The groups, he said, are “extreme places of tension that we really don’t want to find at these polls.”
Millions of Americans are voting despite concerns. More than 62 million people have already voted in the United States, and more than 20 million of them cast their votes in person.
An August poll by the Pew Research Center suggests that more Americans see higher-than-usual stakes in the 2020 presidential election. Twenty years ago, only half of voters said it really mattered who won. In August, 83% expressed this opinion.
For some, that sense of urgency, combined with fierce partisanship and anger, feels like a recipe for conflict.
“November is going to be scary because both sides are not going to budge,” said Bob Stanley, 66, a longtime Republican and Trump supporter from Johnstown, Pennsylvania.
Stanley expressed a hope shared by Republicans and Democrats: “I hope it’s an overwhelming majority, or there will be trouble.”

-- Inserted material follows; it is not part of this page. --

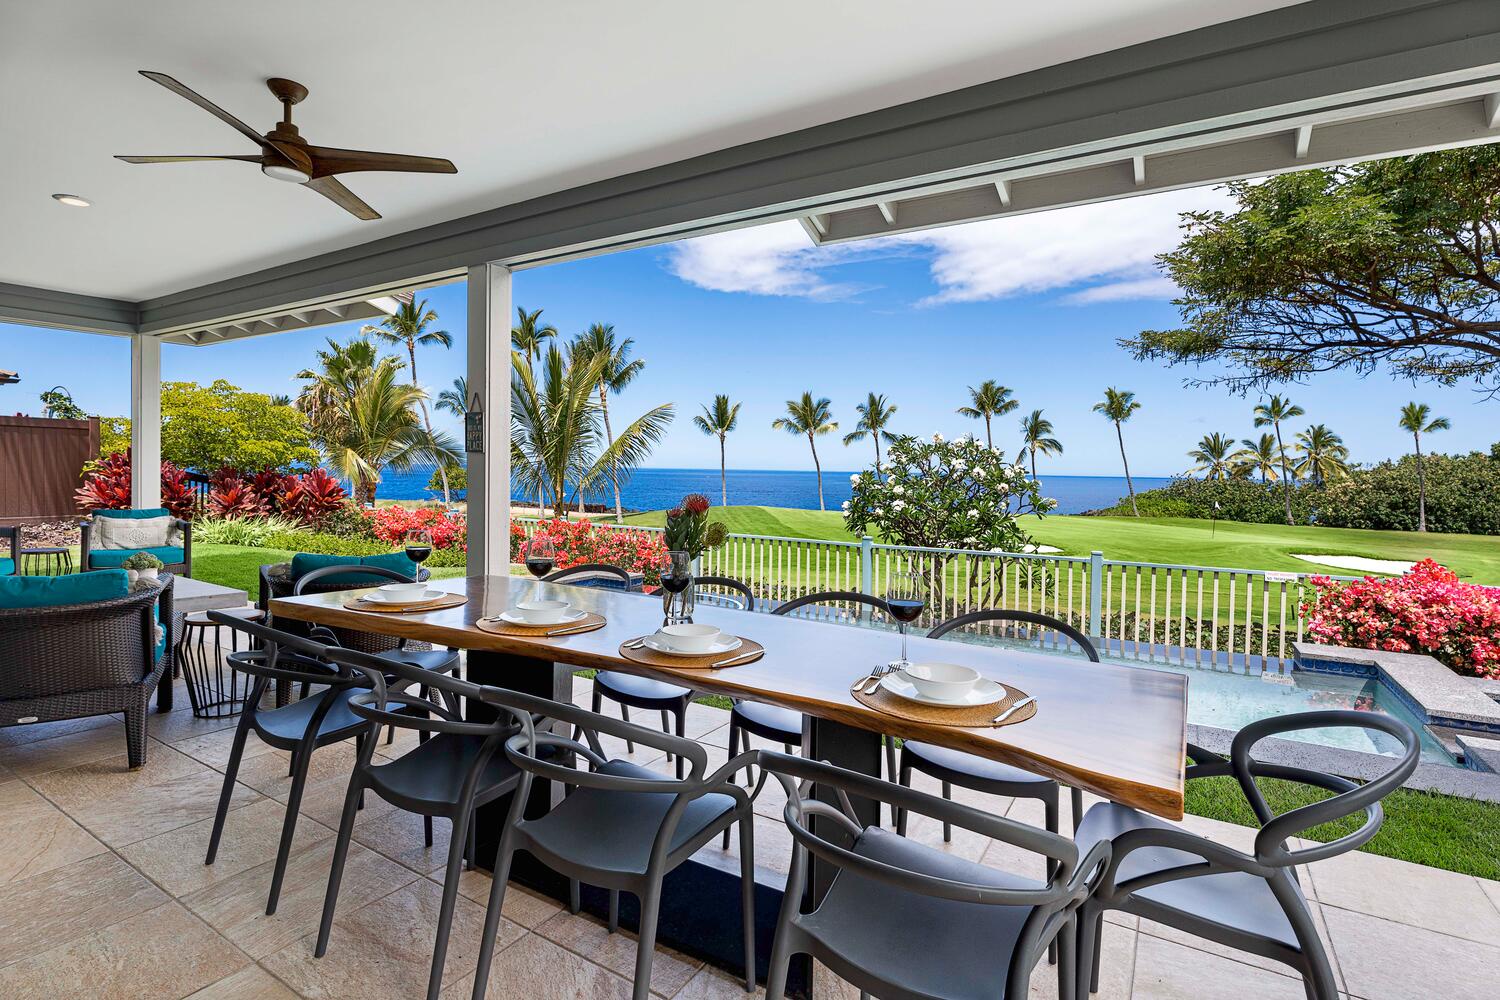 Kailua-Kona Vacation Rentals, Holua Kai #26 - Dining area with a picturesque view of the ocean, ideal for breezy summer meals.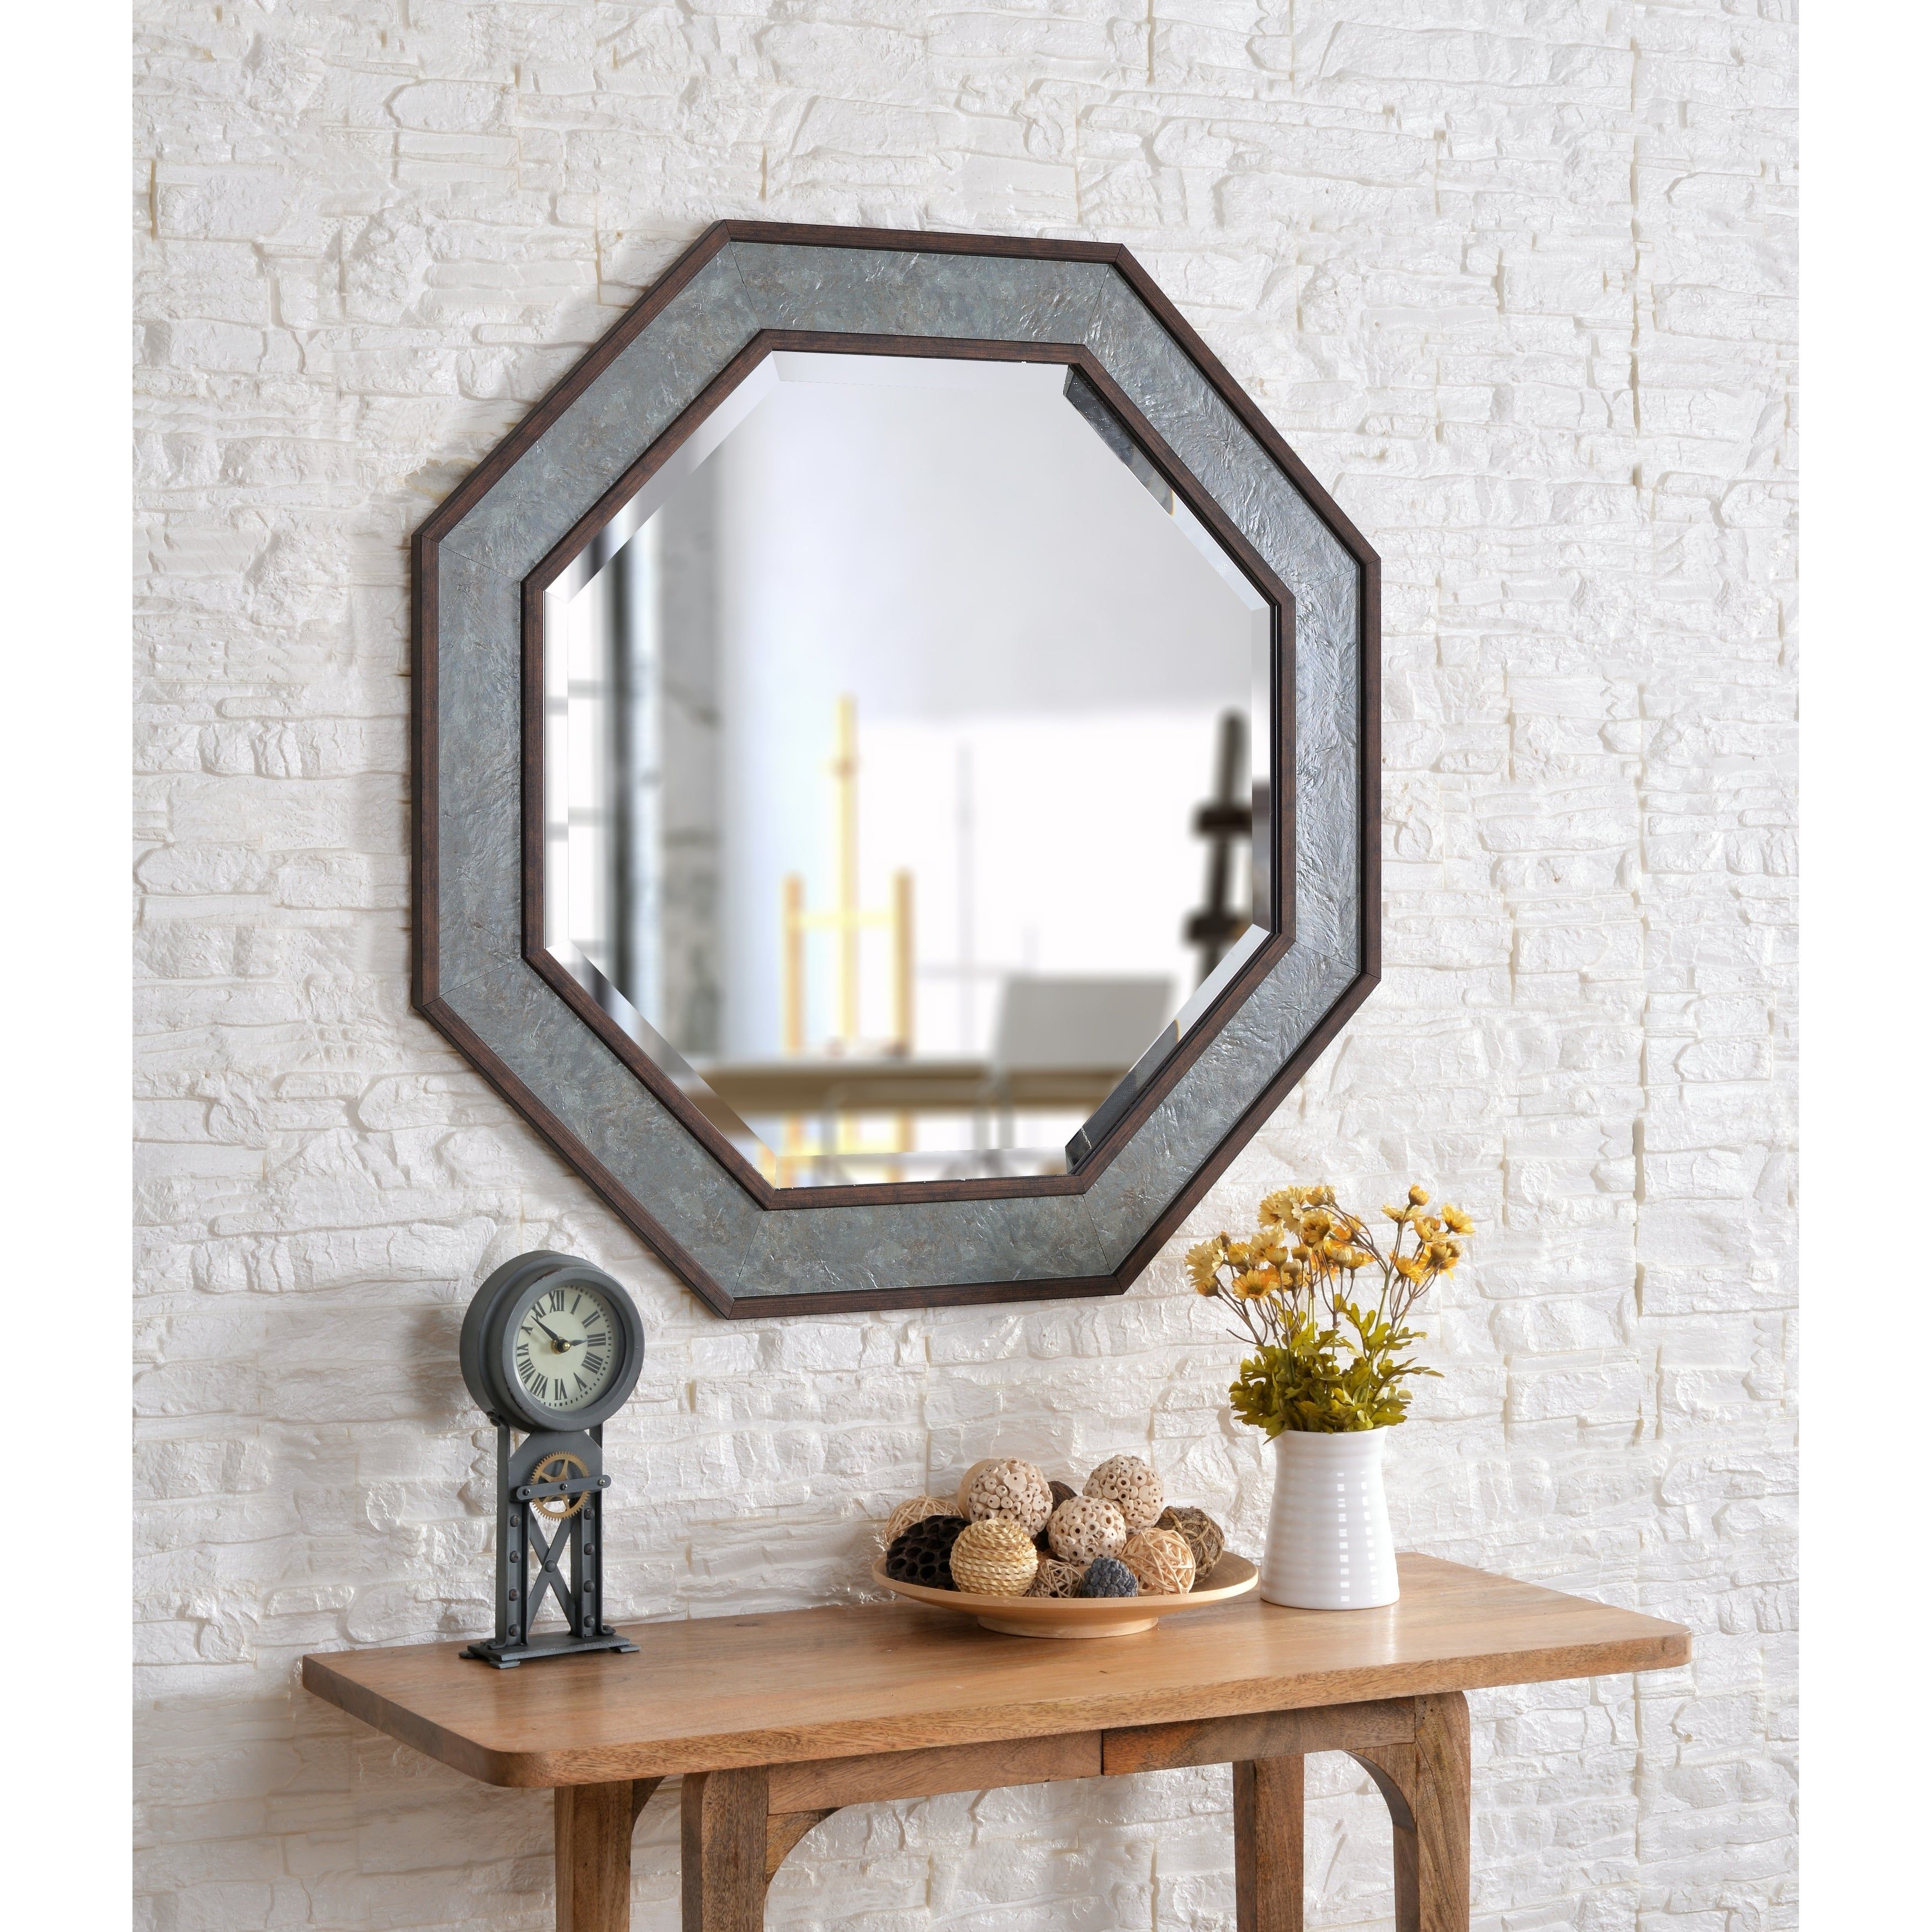 Green Mirrors | Shop Online At Overstock With Regard To Medallion Accent Mirrors (View 30 of 30)

Another Johnstown resident, Fran Jacobs, a 76-year-old Biden supporter, expressed similar concerns about whether the outcome would be clear, whether the people would be calm, and whether the world would view the United States as a functional democracy.
“I have never been afraid for the country. I always thought we would make it. We always get something out. And I’m really scared this time, ”she said, looking up at the sky. “Everything is in your hands, I know.”